*** Begin section ***
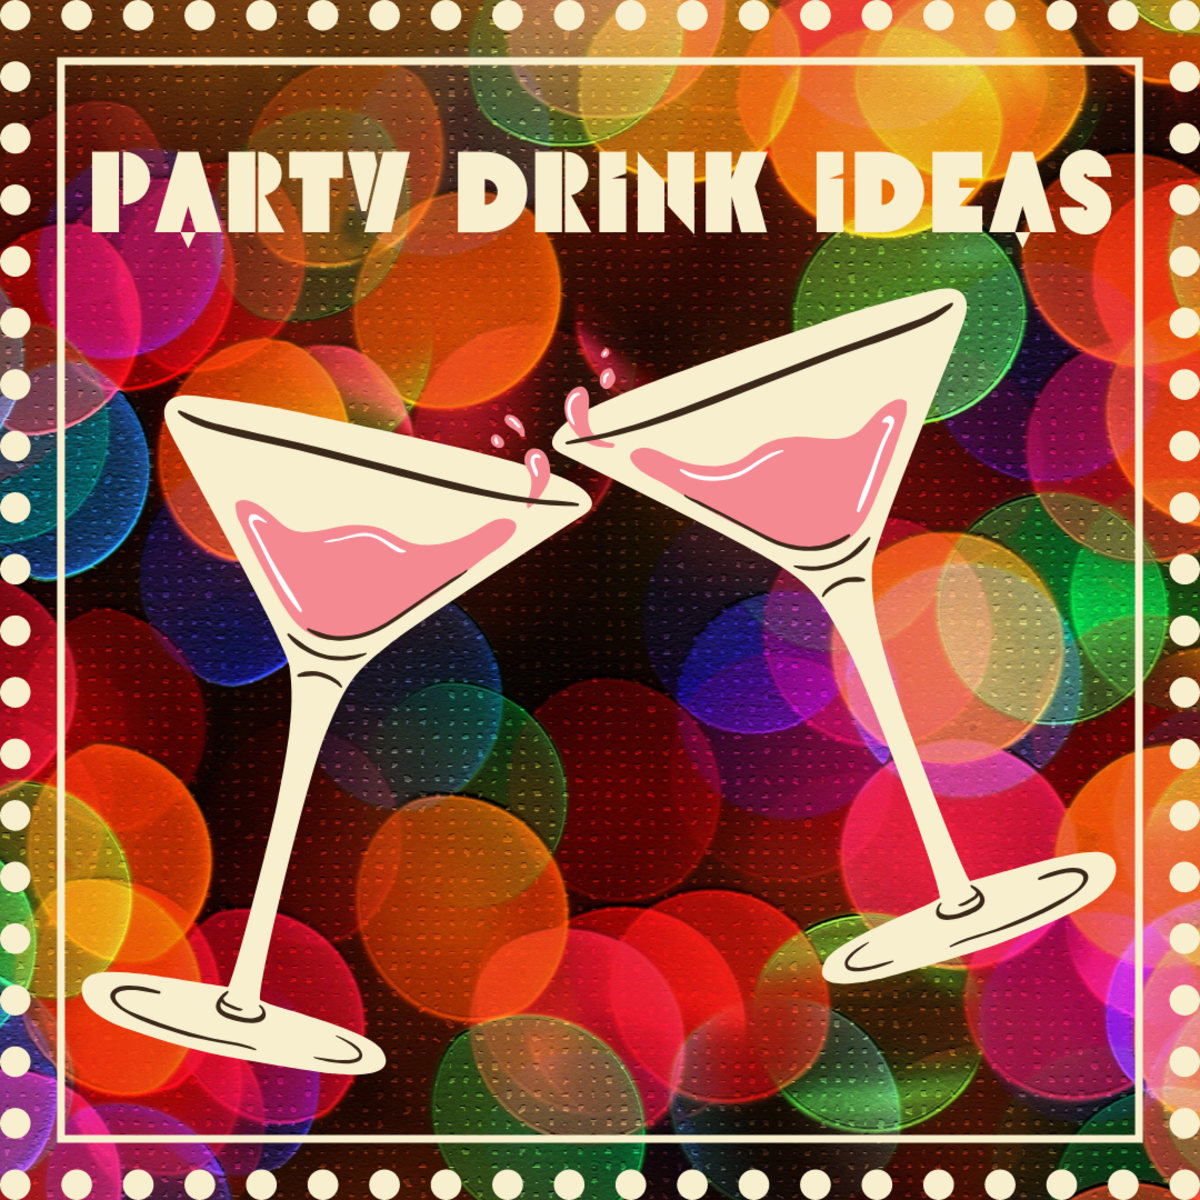 Looking for ideas for party drinks? Look no further!
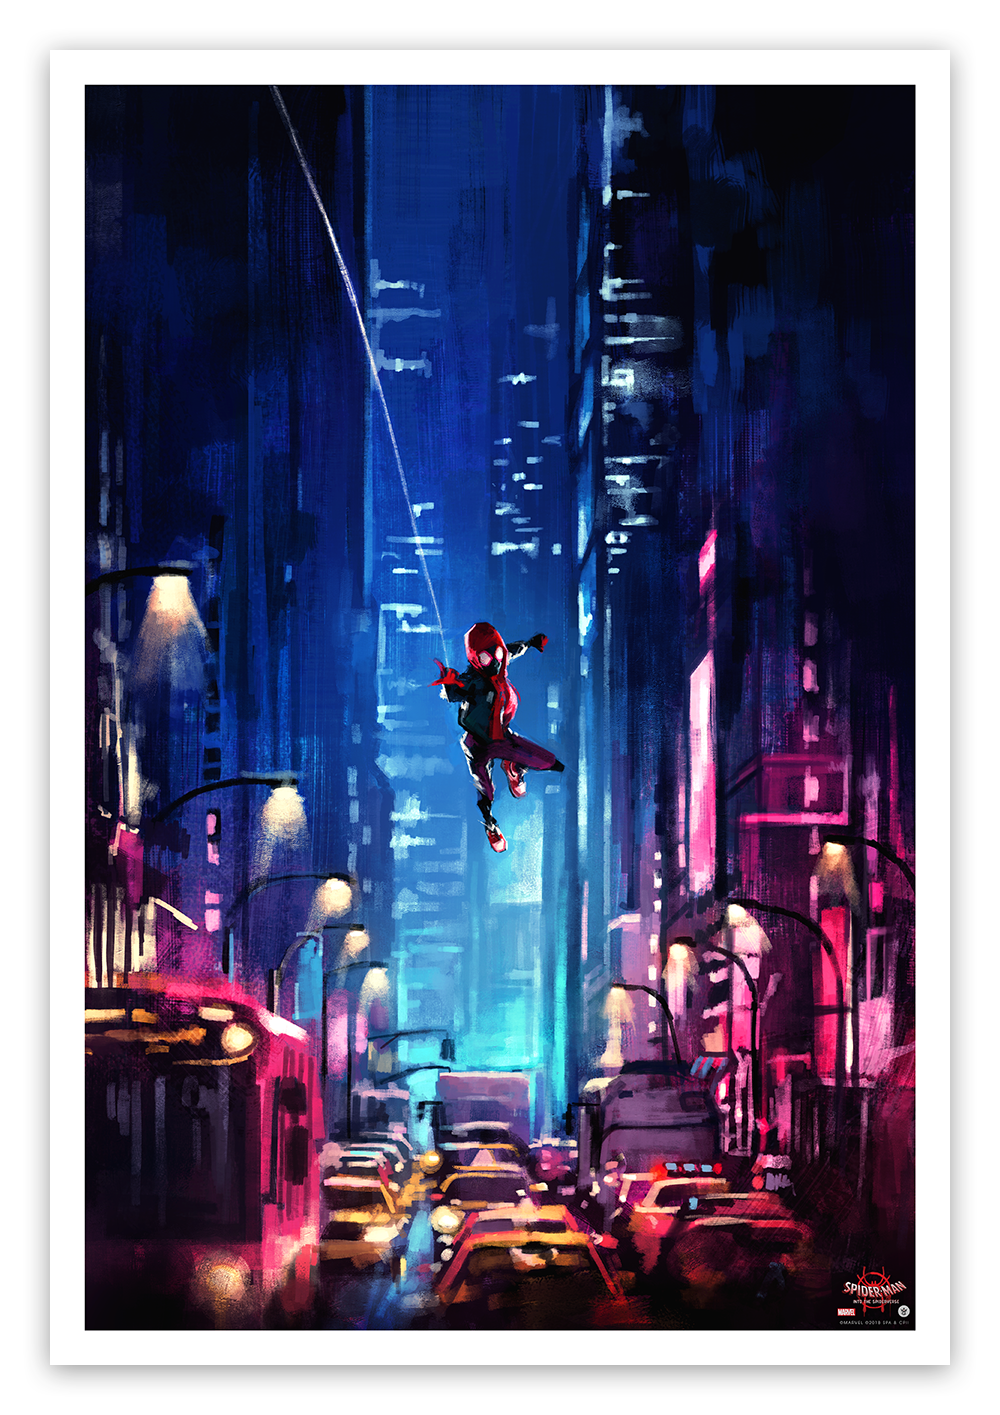 Alice X. Zhang "Spider Man: Into the Spider-Verse" SET
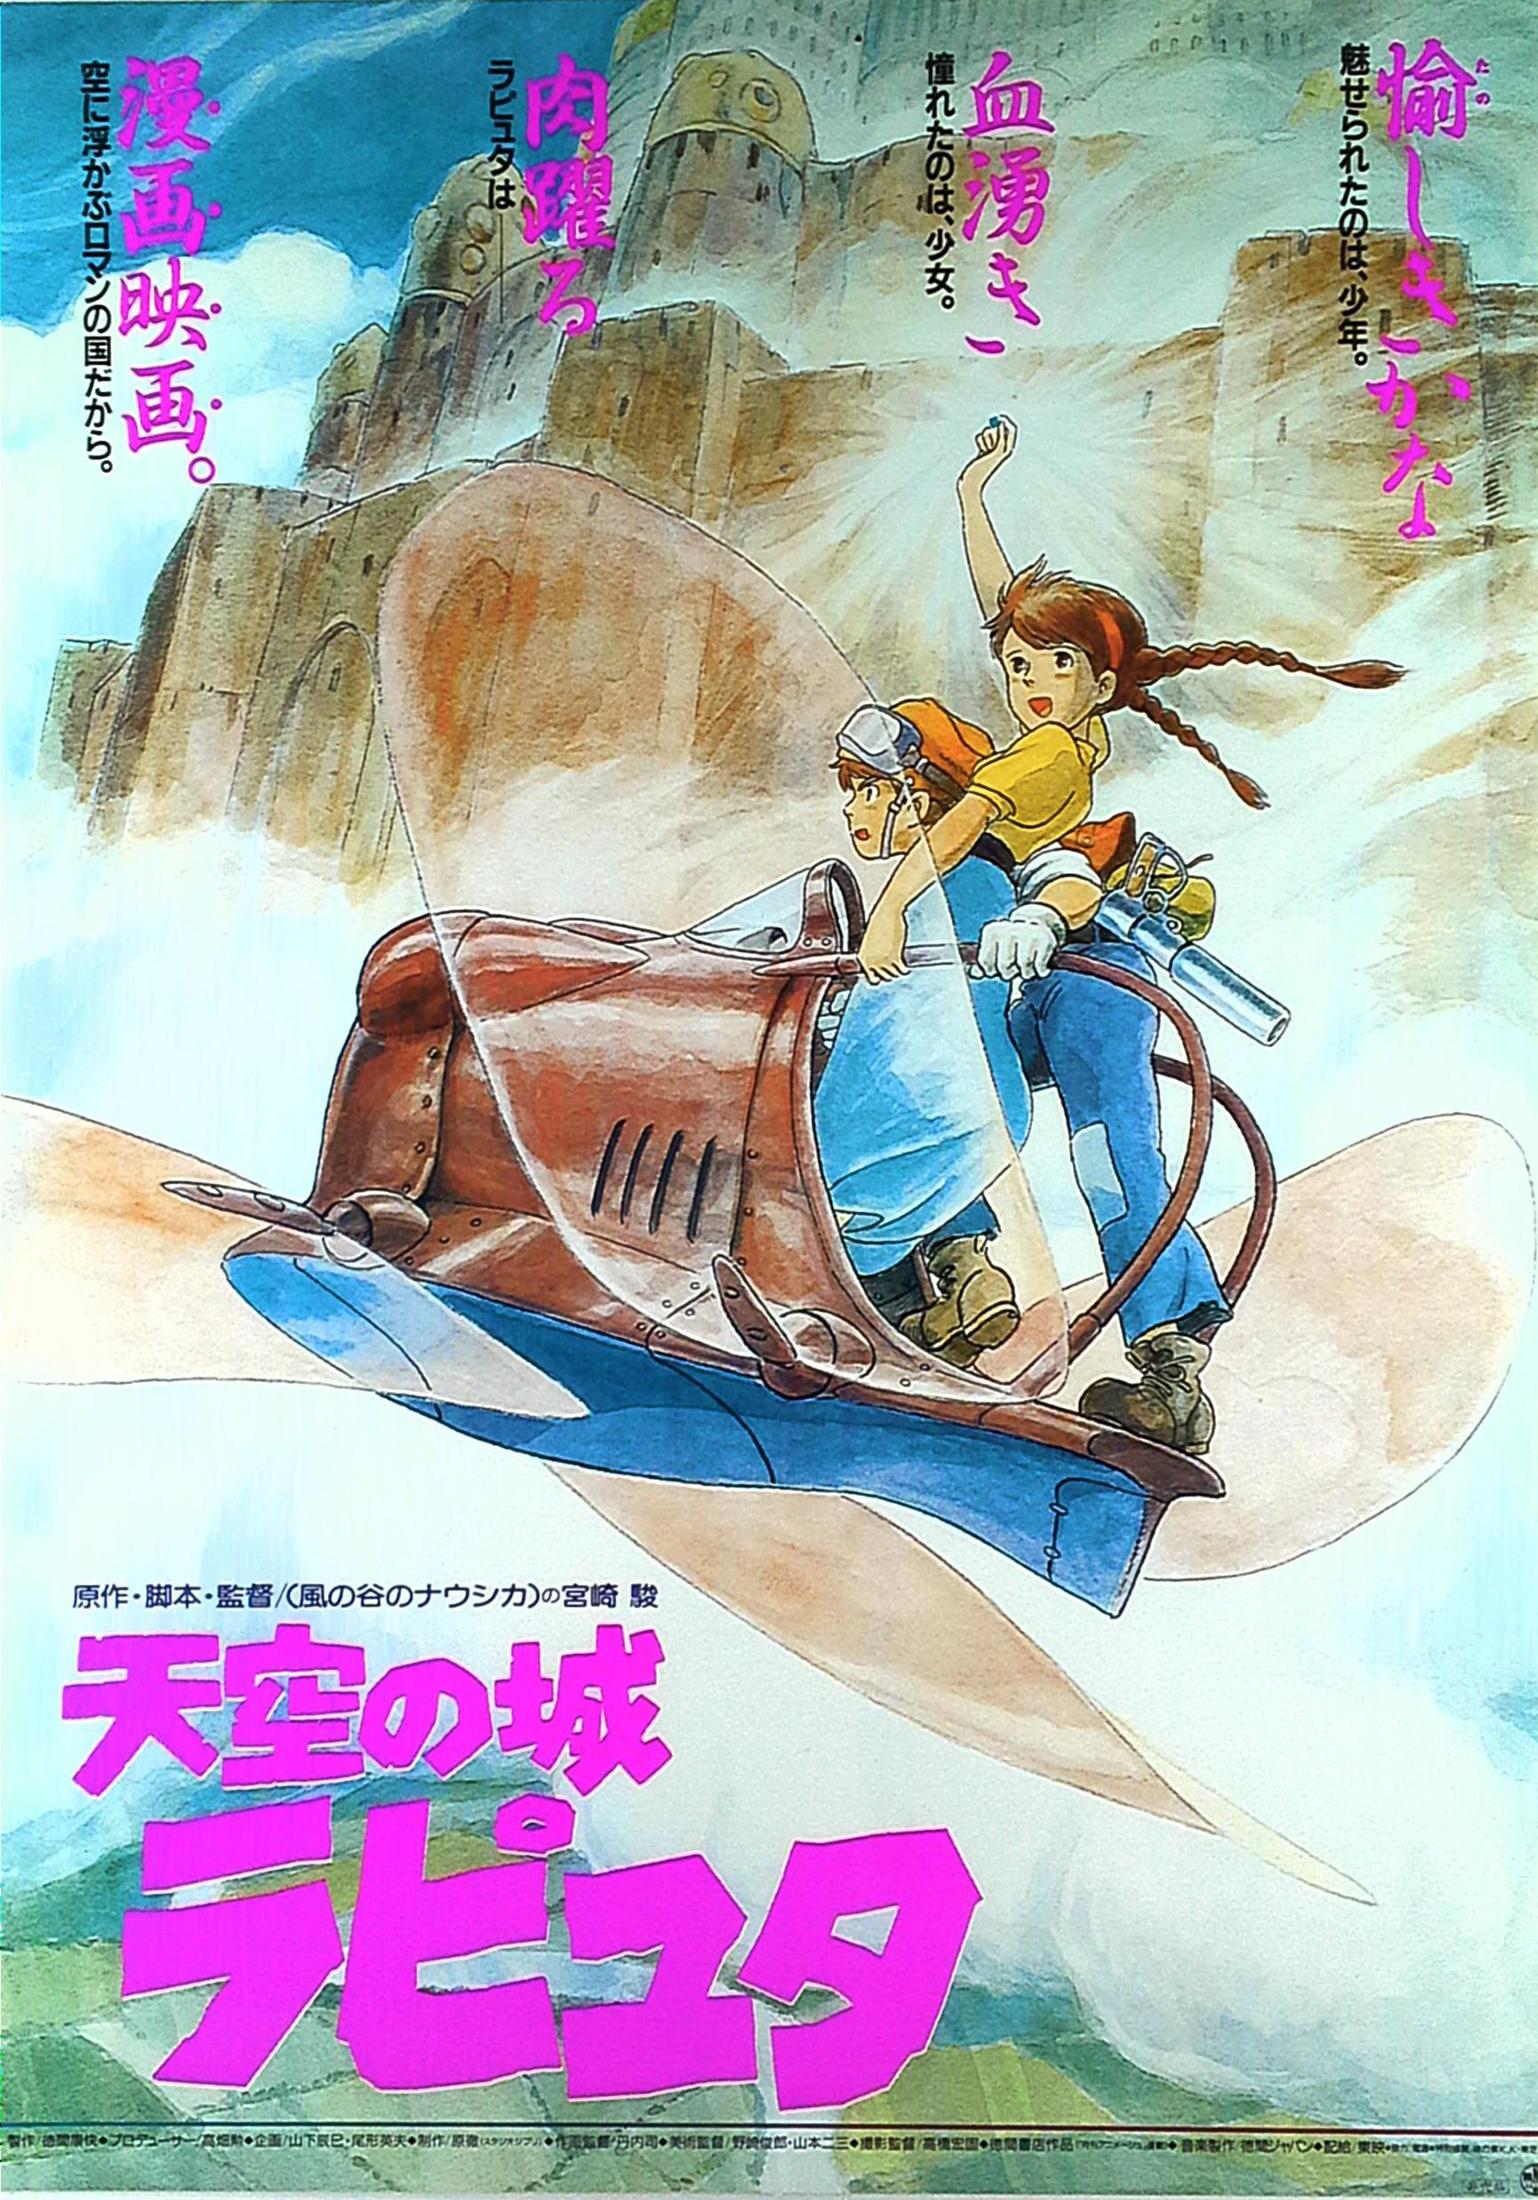 An original vintage poster from Studio Ghibli's 1986 production Laputa: Castle in the Sky, written and directed by the acclaimed Hayao Miyazaki.

Size: B2
*** End section ***
Task instructions: Give all the lines above again, character for character, without pictures.

Answer for this exercise:
 Looking for ideas for party drinks? Look no further!
 Alice X. Zhang "Spider Man: Into the Spider-Verse" SET
 An original vintage poster from Studio Ghibli's 1986 production Laputa: Castle in the Sky, written and directed by the acclaimed Hayao Miyazaki.

Size: B2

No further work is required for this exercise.